16.8.13

Centre moves SC against order disqualifying MPs

Backed by all political parties, the Centre moved the Supreme Court seeking review by a five-judge constitution bench of its ruling directing immediate disqualification of MPs and MLAs on being sentenced to more than two years in a criminal case.
The Centre sought open court hearing of its petition, which also sought review of the two-judge bench’s July 10 judgment which had delivered a second blow to politicians by barring them from contesting elections while in police or judicial custody.
The government had earlier planned to seek to amend the Constitution to nullify the SC’s verdict. The parliamentary affairs ministry in its 36-page review petition, annexing it with the court’s two judgments running into 61 pages, said the question of disqualification of MPs and MLAs upon conviction was not open for reconsideration by a two-judge bench since a five-judge bench had in 2005 decided the issues in favour of elected representatives, taking them as a separate class in the K Prabhakaran vs J Jayarajan case. Prior to the July 10 ruling, which sent shock waves among political parties, an MP or MLA could continue in Parliament or assembly unaffected by the judicial verdict imposing more than two year sentence on him in a criminal case if he appealed against it before a higher court within three months.

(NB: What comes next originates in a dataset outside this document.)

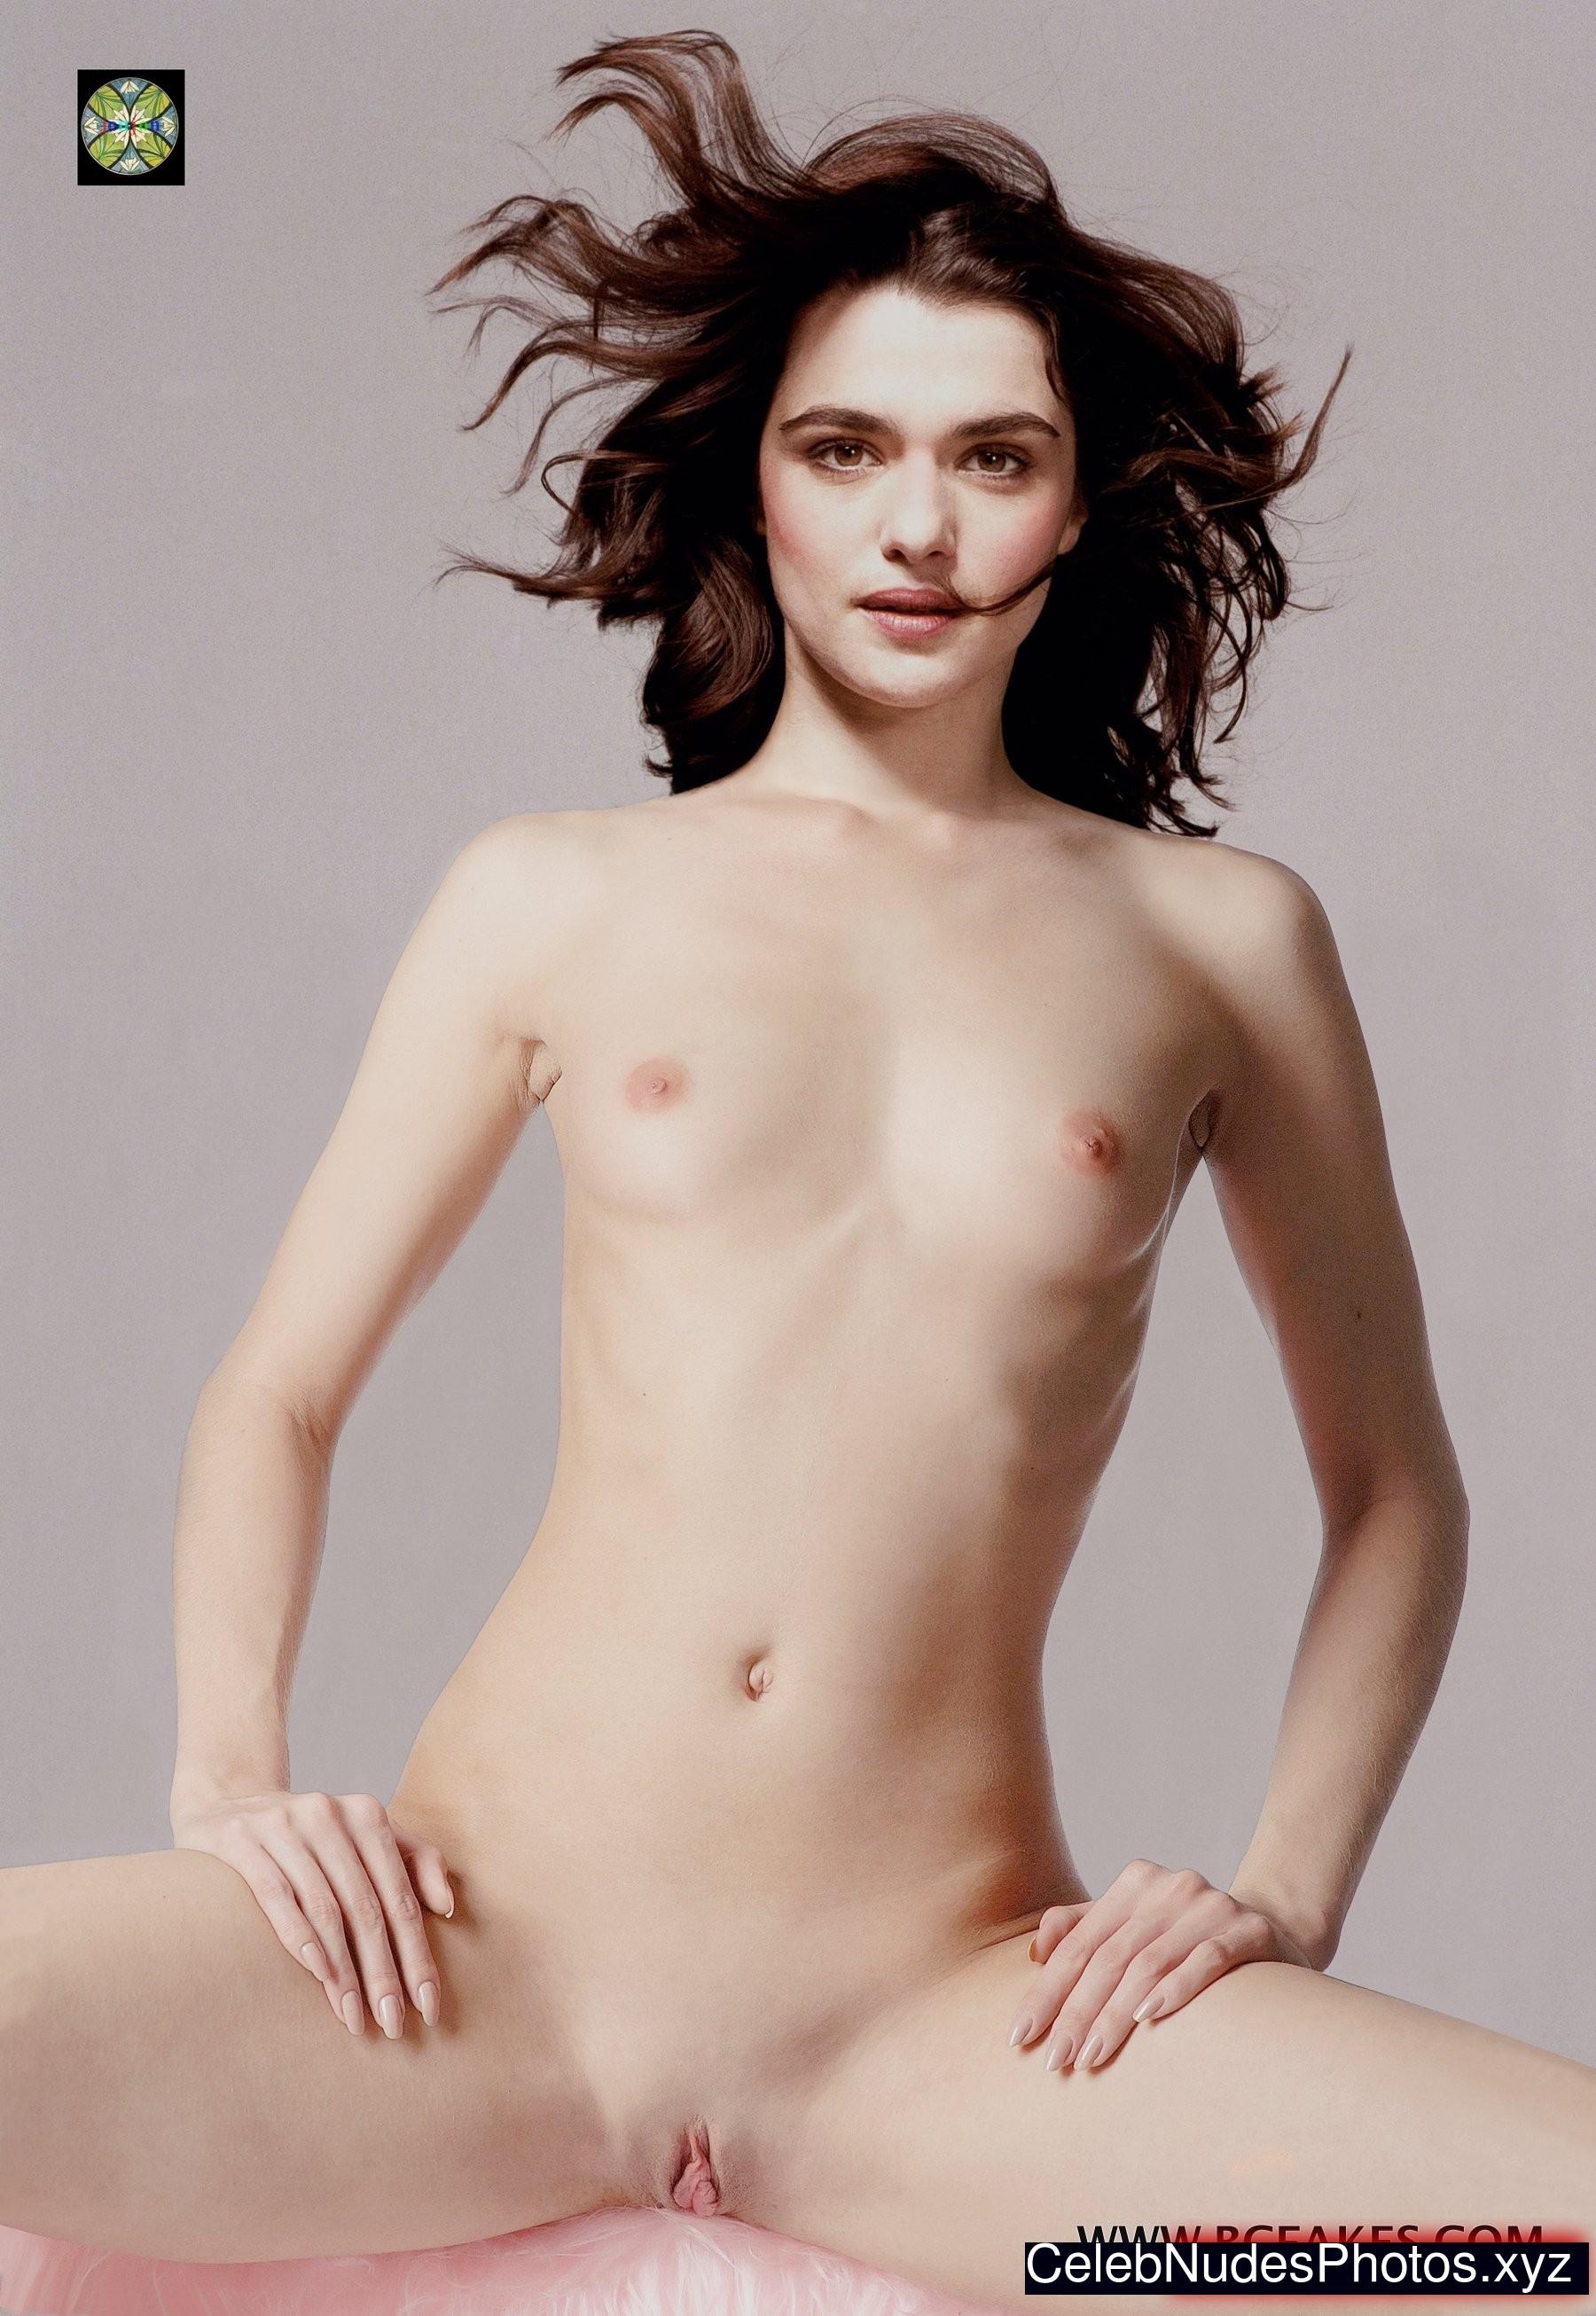 rachel weisz sexy nude

Major political parties barring the BSP have opposed any restriction on them in announcing freebies in election manifestos, claiming that this was their prerogative. The Election Commission had convened a meeting of various national and regional political parties to seek their views on the issue of freebies offered by them in poll manifestos and framing of guidelines thereof. SC’s July 10 order was a landmark

Existing laws bar arrested persons and undertrial prisoners from casting vote in an election but there is no bar for a person in police or judicial custody to file nomination and contest election.
The SC’s July 10 judgment took away an arrested person’s right to contest elections, making political parties wonder whether it would give a handle for misuse by the ruling dispensation, which could easily debar important opposition leaders from the poll arena by merely arresting them on the eve of filing of nominations-.Though the UPA government and political parties had considered the option of constitutional amendment to nullify the July 10 judgment, the Centre decided to opt for a review petition to serve twin purposes – it could be more expeditious and not give an impression of executive overreach of Supreme Court’s judgment.
The review petition, drafted by two additional solicitors general, Paras Kuhad and Siddharth Luthra, and vetted by attorney general G E Vahanvati, argued that the two-judge bench ought to have referred the two questions – disqualification of elected representatives on convictions with more than two years sentence and barring arrested persons from contesting – to a five-judge bench since a similar dispensation had already settled the important constitutional questions agreeing with Parliament’s view and existing laws.
It raised a preliminary objection – a two-judge bench could not have taken up the questions for hearing as they involved testing validity of important constitutional provisions which under Article 145(3) had to be heard by a minimum of five judges of the Supreme Court.
It said Parliament, in its wisdom, had allowed MPs and MLAs to retain their seats on filing of appeal against their conviction within three months mainly because if their convictions were set aside later by a higher court, it could give rise to an anomalous situation where the seat would still remain vacant because there was no provision to retrospectively fill up the seat vacated seat by a disqualified member. Referring to Section 8(4) of the Repesentation of People’s Act, which the apex court on July 10 nullified in its judgment, the Centre said the order rendered MPs and MLAs remedy-less since the disqualification would not be wiped out from the date of conviction.
In K Prabhakaran’s case, the apex court had taken note of compulsions of ruling coalitions surviving on razor thin majority and said that disqualification of members from the date of conviction without providing them the benefit of Section 8(4) of RP Act would have a deleterious effect on the functioning of government.